Khaw’s prose is beautiful and transportive. Their prose is evocative of the old fairy tale style, but with an elevated and modern twist. Khaw took the Brothers Grimm, Hans Christian Anderson, and more and somehow further twisted their narratives into the gothic and horrifying. It is obvious that Khaw carefully selected each and every word to achieve just the right connotation; just the right emotional response; just the right poetic beat. I found myself often needing to go back and re-read passages because I was so swept up in Khaw’s words that I wasn’t actually following the story. (I was also glad that I read this book on a Kindle because there were a lot of words that I had to look up in the dictionary!)
Take just the opening passages of the book. I read those first few pages at least three times as I was swept away by Khaw’s lyrical description of the Mermaid’s daughters murdering their father while their house burned down. It even took me a moment to realize that that was happening because the prose was so poetic, so metaphorical.
Khaw populates her world with mysterious characters that come to (eerie and sinister) life. Both the Mermaid the Plague Doctor are well-drawn and complex characters. The Mermaid is our POV character throughout the novella, and so we see the world through her lens. She is a character who thought she found love and happiness, but was quickly escorted into a terrible situation that only got worse. As readers, it is easy to empathize with her plight, and we cheer her on through her trials and triumphs. However, to me, and maybe it was because they weren’t the POV character, the more interesting of our two main characters was the Plague Doctor. Khaw slowly peels away their mask (both literally and figuratively) as we get to know their dark past and foreboding future. The Plague Doctor brings a jovial sadness to the novella that felt so very real and so very human.
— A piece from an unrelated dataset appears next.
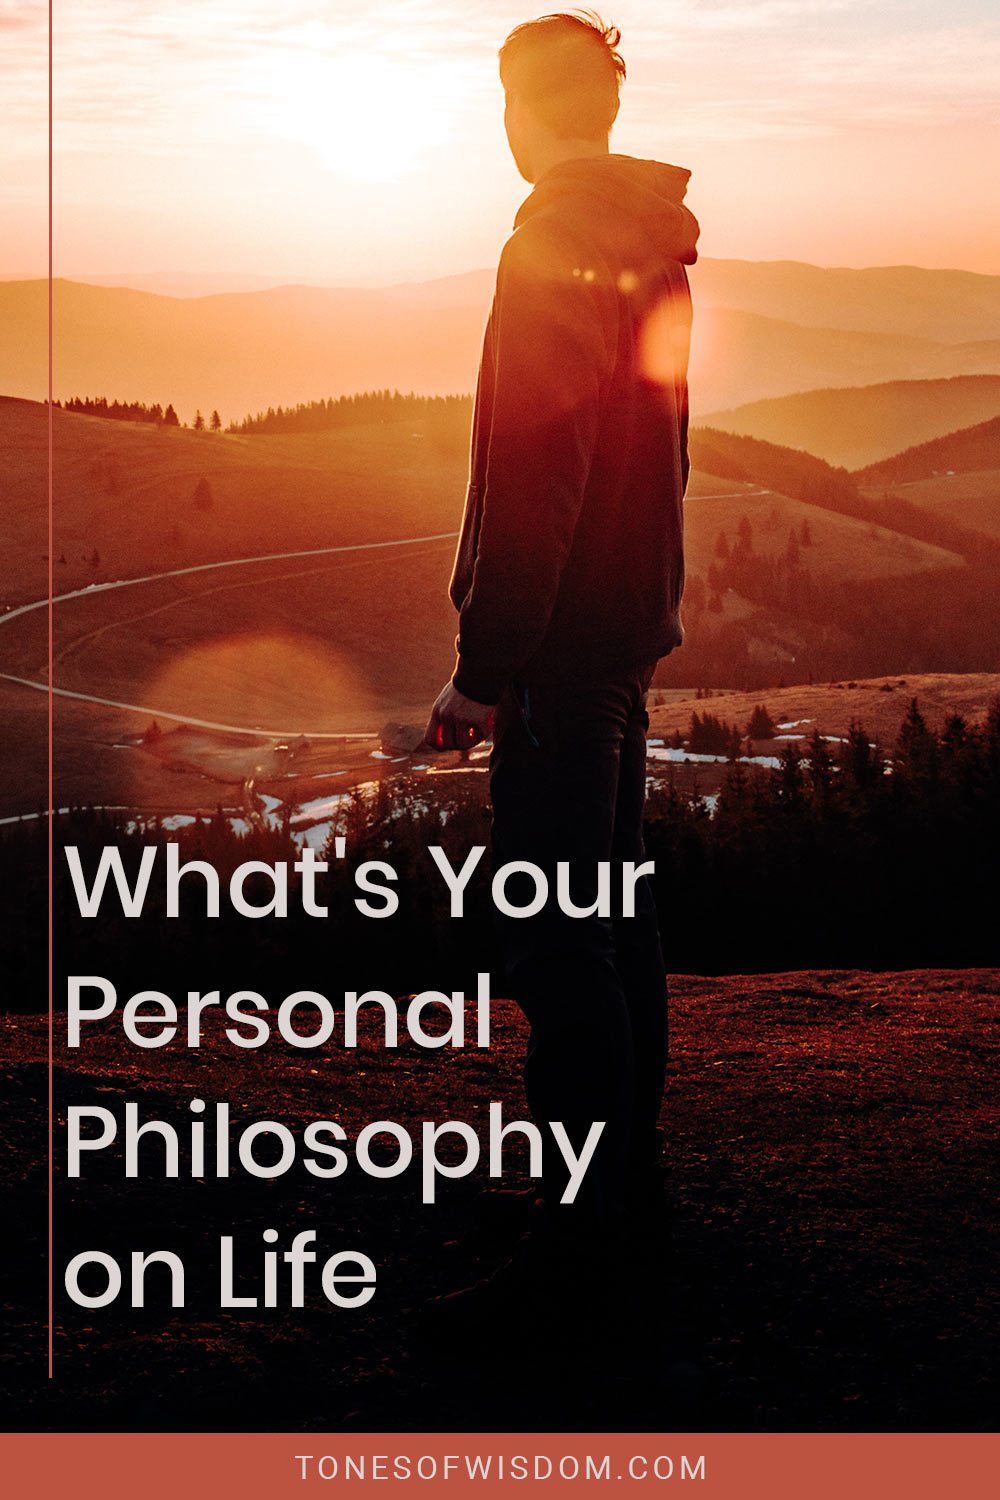 What’s Your Personal Philosophy on Life

This novella is not for the easily grossed out or faint of heart. Khaw never goes too far, and the horror elements never feel exploitative, but their descriptions of the dark, bloody, and gross things that the Mermaid and Plague Doctor encounter and experience made my skin tingle. I am one of those people who gets a small pain in my knee if someone is talking about how they hurt their knee, and so I was experiencing these little sensations from the images that Khaw conjured up in this little novella. The book isn’t scary, but it is dread-inducing as Khaw takes us through this mysteriously horrifying village located within this greater horrifying world.
Through all of the body horror, the sinister surgeons, and the violent villagers, this is a story of love between two broken people crossing a shattered landscape together. Despite its short length, the relationship between the Mermaid and the Plague Doctor grows organically. It’s not a fantasy-romance by any means, but it two people finding each both despite and because of the macabre.
I always feel that my role as a reviewer is to help set reader expectations for the books that I review. So, I will say this – if you are primarily a plot reader than this book may not be for you. Readers who do not care about the actual prose or writing of the book (or who value other elements of fiction writing more) may find this novella over-written (some may even call the prose purple) and bloated in its writing. While the Khaw definitely revels in some of the horror elements, particularly in the latter half of the novella, much of the novella is also slow and contemplative. If you aren’t swept up in Khaw’s world and writing in the first few pages, then nothing the novella does later really changes that.
For me, the entire thing really worked and I enjoyed spending an evening in Khaw’s messed up world. This was my first book by Cassandra Khaw, and I will now make sure to go seek out more.
Concluding Thoughts:
This novella won’t be for everyone as The Salt Grows Heavy is unlike anything I’ve ever read. It is a gorgeously grotesque fairy-tale lead by two memorable characters finding love in a disturbing world. Readers who love lyrical prose, body horror, and very slanted fairy tale retellings should definitely check this one out.